2. The second part, eidesis, is from one of the Greek words for to know.
Conscience enables a certain knowledge – not the usual sort found in the understanding but a reflective knowledge over and above mere head knowledge.
Richard Bernard defines it as “a certain, particular, applicatory knowledge in man’s soul, reflecting upon himself, concerning matters between God and him.”
The root meaning, then, seems to be to know together, joint knowledge or knowledge shared (with another). The Anglo-Saxon word for conscience inwit suggests inward knowledge but the Latin based word that superseded it, as in the romance languages, is from con-scientia and is made up in exactly the same way as the Greek. Other European languages, though not all, are similar. Eg Swedish samvete, Russian sovest. (The Swahili word dhamira appears to be from an Arabic word simply meaning hidden. Kikuyu thamiri also).
This does not bring us directly to a biblical definition as there has been much debate over who shares the joint knowledge. Obviously, on one side is the person himself, but who is on the other? Many assume it must be God.
The only biblical arguments advanced for this view are dubious references to Elijah's still small voice and appeals to 1 Pet 2:19, “it is commendable if a man bears up under the pain of unjust suffering because he is conscious of God”. However, Peter clearly has in mind only Christians.
Some suggest that the word's etymology proves conscience must reveal a knowledge shared with God.

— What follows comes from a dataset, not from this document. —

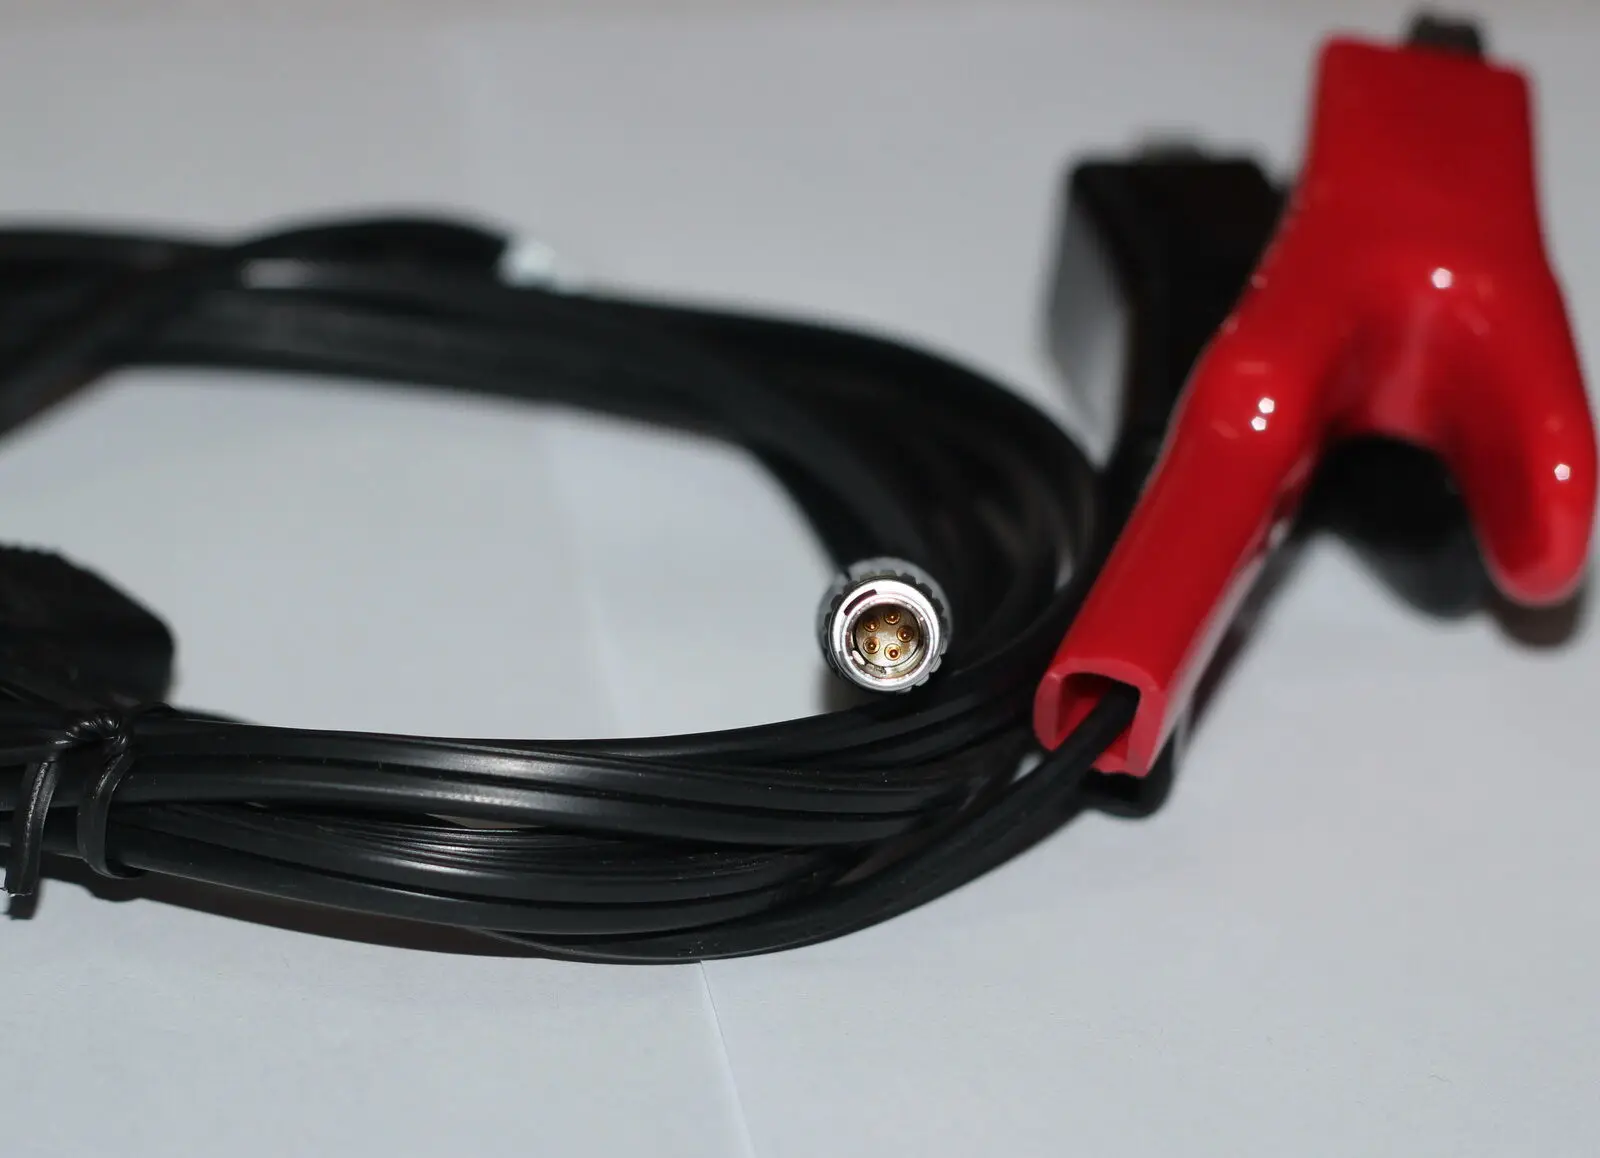 

BRAND NEW Power Cable for Leica total station 5-pin (1B) wire to Alligator clips
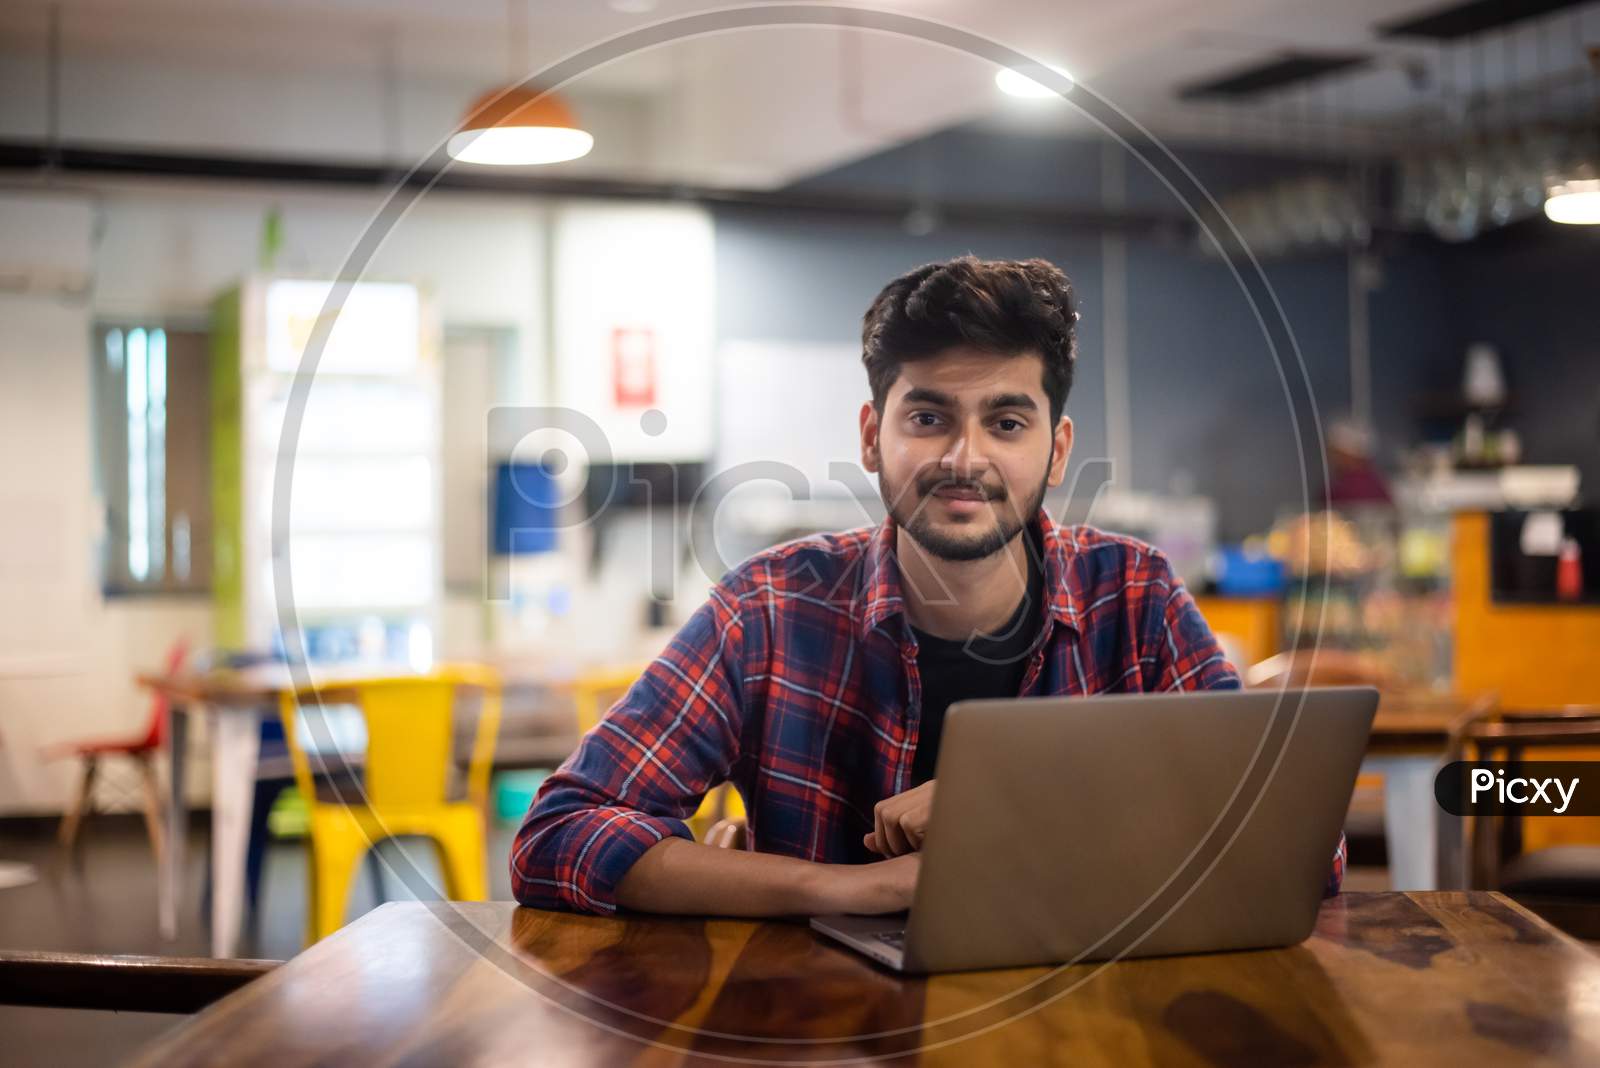 Smiling young Indian man working on a laptop in office

Thus we have definitions such as that first given in 1933 by Ole Hallesby “that knowledge or consciousness by which man knows he is conforming to the moral law or will of God”. While not without merit, such definitions are premature and potentially misleading.
Clarification - Usage
It is unwise to define a word in light only of etymology. The way a word is used is far more important.
There is some disagreement about the usage of the word synedeisis and related words. It is clear, nevertheless, that when the Greeks used this and related terms, it was not always in the context of moral judgements.
Kittel's Theological Dictionary of the NT Christian Maurer points out a famous example where Socrates' young disciple Alcibiades speaks of being conscious that he could put up no resistance to the power of his teacher’s arguments. There is no moral element involved. Least of all, in Greek thought, is there any necessary connection between conscience and God.
Even in the NT we find a related word being used in a context where conscience is clearly not intended. Acts 5:2 tells us Ananias with his wife’s full knowledge kept back money from the Apostles, while claiming it had been handed over. The word is synoida, “to know with another”. Ananias knew what he was doing and his wife knew too.
Then Acts 12:12, 14:6 (ESV) Peter “realised” and Paul and Barnabas “learned” a thing. Words from the same family are again used. At their most basic, then, such words can simply mean “to become conscious of”, “to realise”.
Hebrews 10:2 is very interesting. The ASV speaks of worshippers who “would have had no more consciousness of sins”. The word used is the same as that found in 10:22, having our hearts sprinkled to save us from a guilty conscience (NIV. TCNT … purified by the sprinkled blood from all consciousness of wrong). It is really only the words “for their sins” that brings in the moral element.
Concise Definitions
Several Puritans, tending to lean to a greater or lesser extent on the Medieval theologian Thomas Aquinas, attempted to define conscience concisely. For example
A man’s judgement of himself, according to the judgement of God of him. William Ames
A part of the understanding in all reasonable creatures determining of their particular actions either with them or against them. Samuel Ward, following William Perkins
The judgement of man upon himself as he is subject to God’s judgement. William Fenner
Like Ames, Fenner refers to 1 Corinthians 11:31, which he uses more simply to say, harking back to Perkins, that conscience is “a man’s true judgement of himself”.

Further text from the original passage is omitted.